• What you should do: Below, find the line containing "thumbnail - Volantino" and the line containing "Вязаный свитер Menton"; reproduce exactly those two and every line between them, omitting pictures.

• Source records:

——

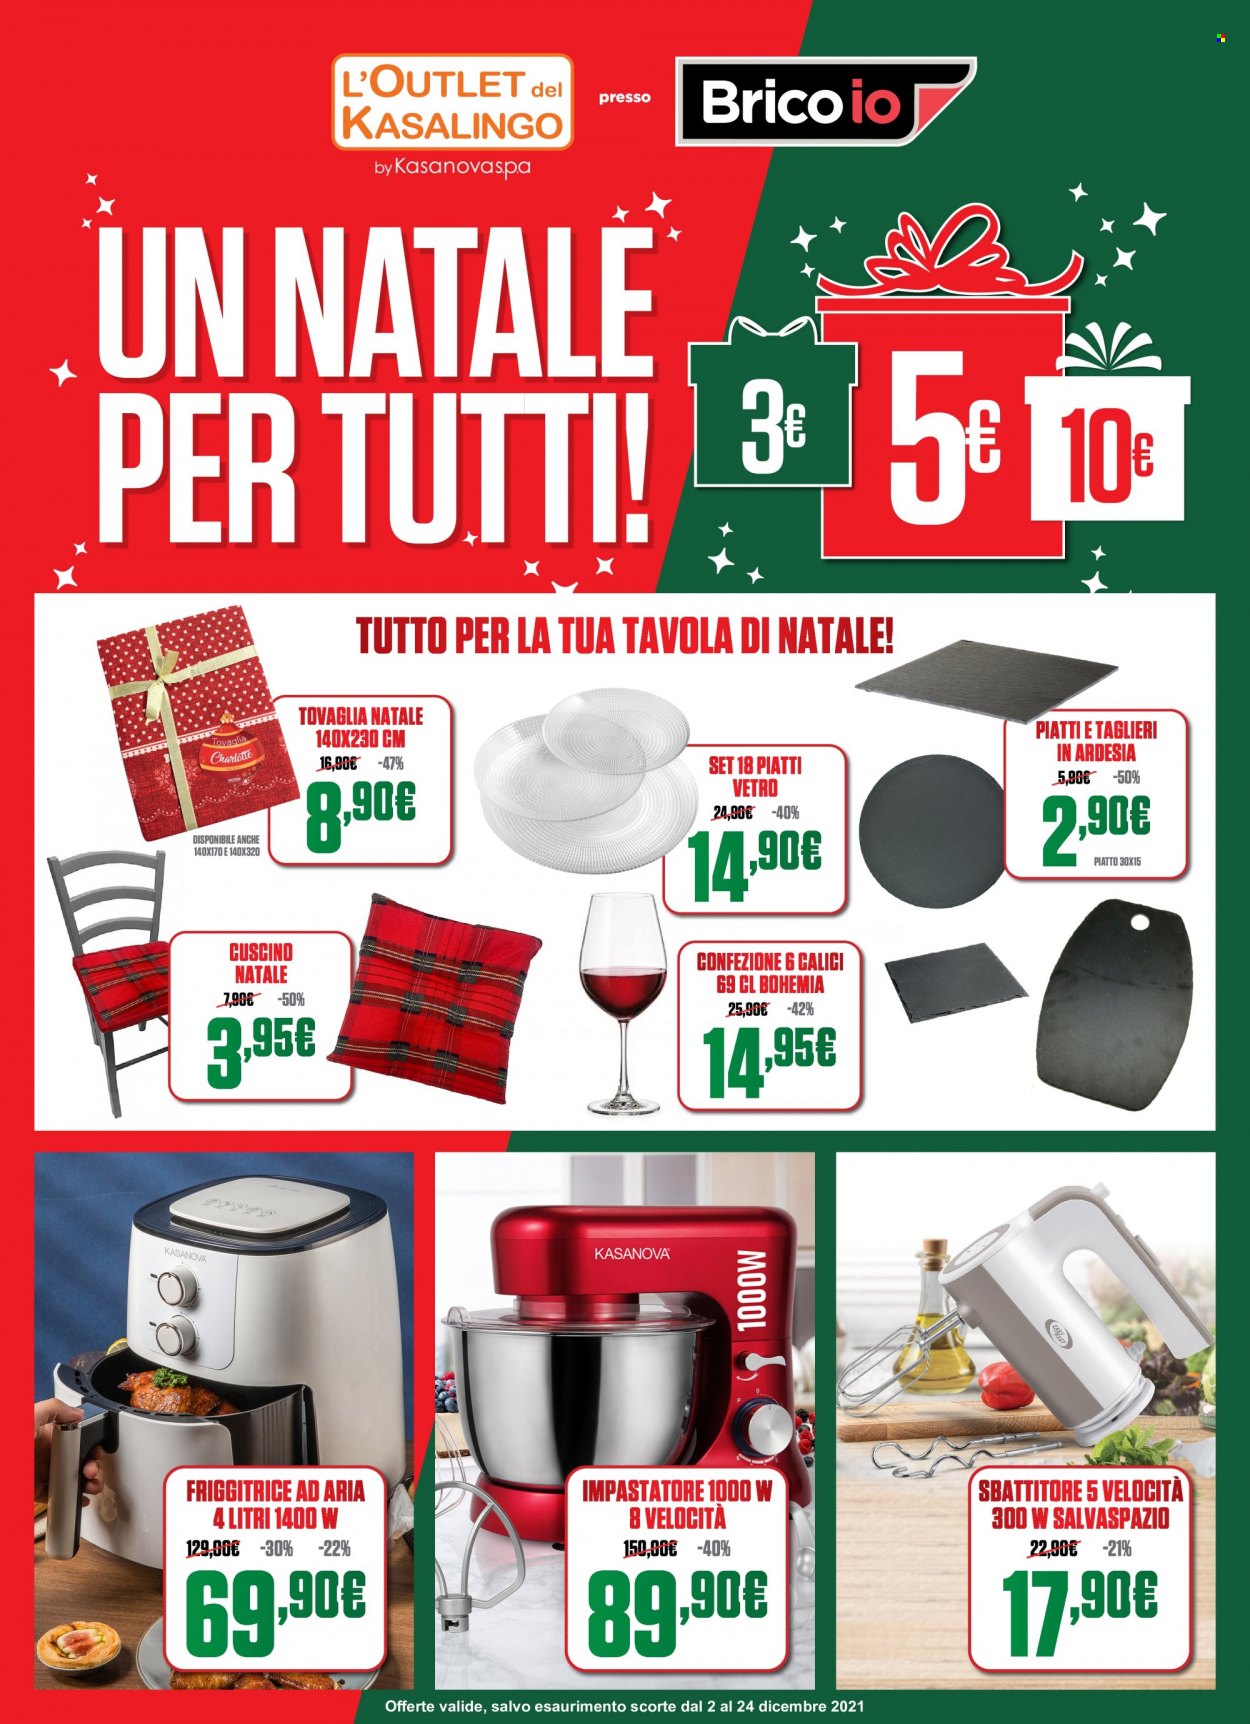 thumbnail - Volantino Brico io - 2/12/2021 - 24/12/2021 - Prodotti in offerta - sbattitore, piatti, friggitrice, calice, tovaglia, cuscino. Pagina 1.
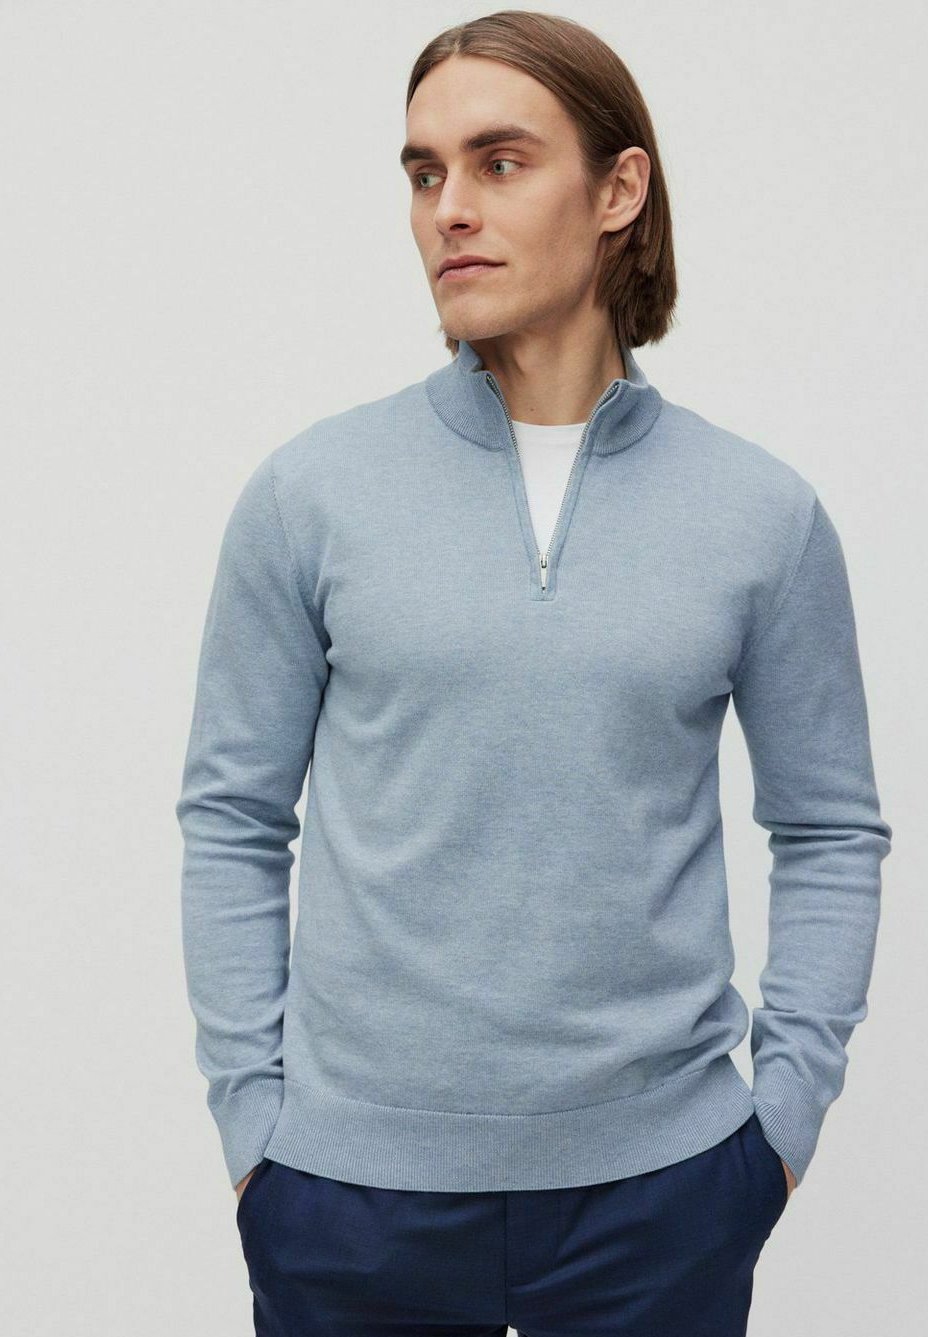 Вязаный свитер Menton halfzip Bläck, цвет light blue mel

——

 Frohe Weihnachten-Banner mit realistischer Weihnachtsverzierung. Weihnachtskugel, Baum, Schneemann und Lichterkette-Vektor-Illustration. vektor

——

• Task answer:
 thumbnail - Volantino Brico io - 2/12/2021 - 24/12/2021 - Prodotti in offerta - sbattitore, piatti, friggitrice, calice, tovaglia, cuscino. Pagina 1.
 Вязаный свитер Menton halfzip Bläck, цвет light blue mel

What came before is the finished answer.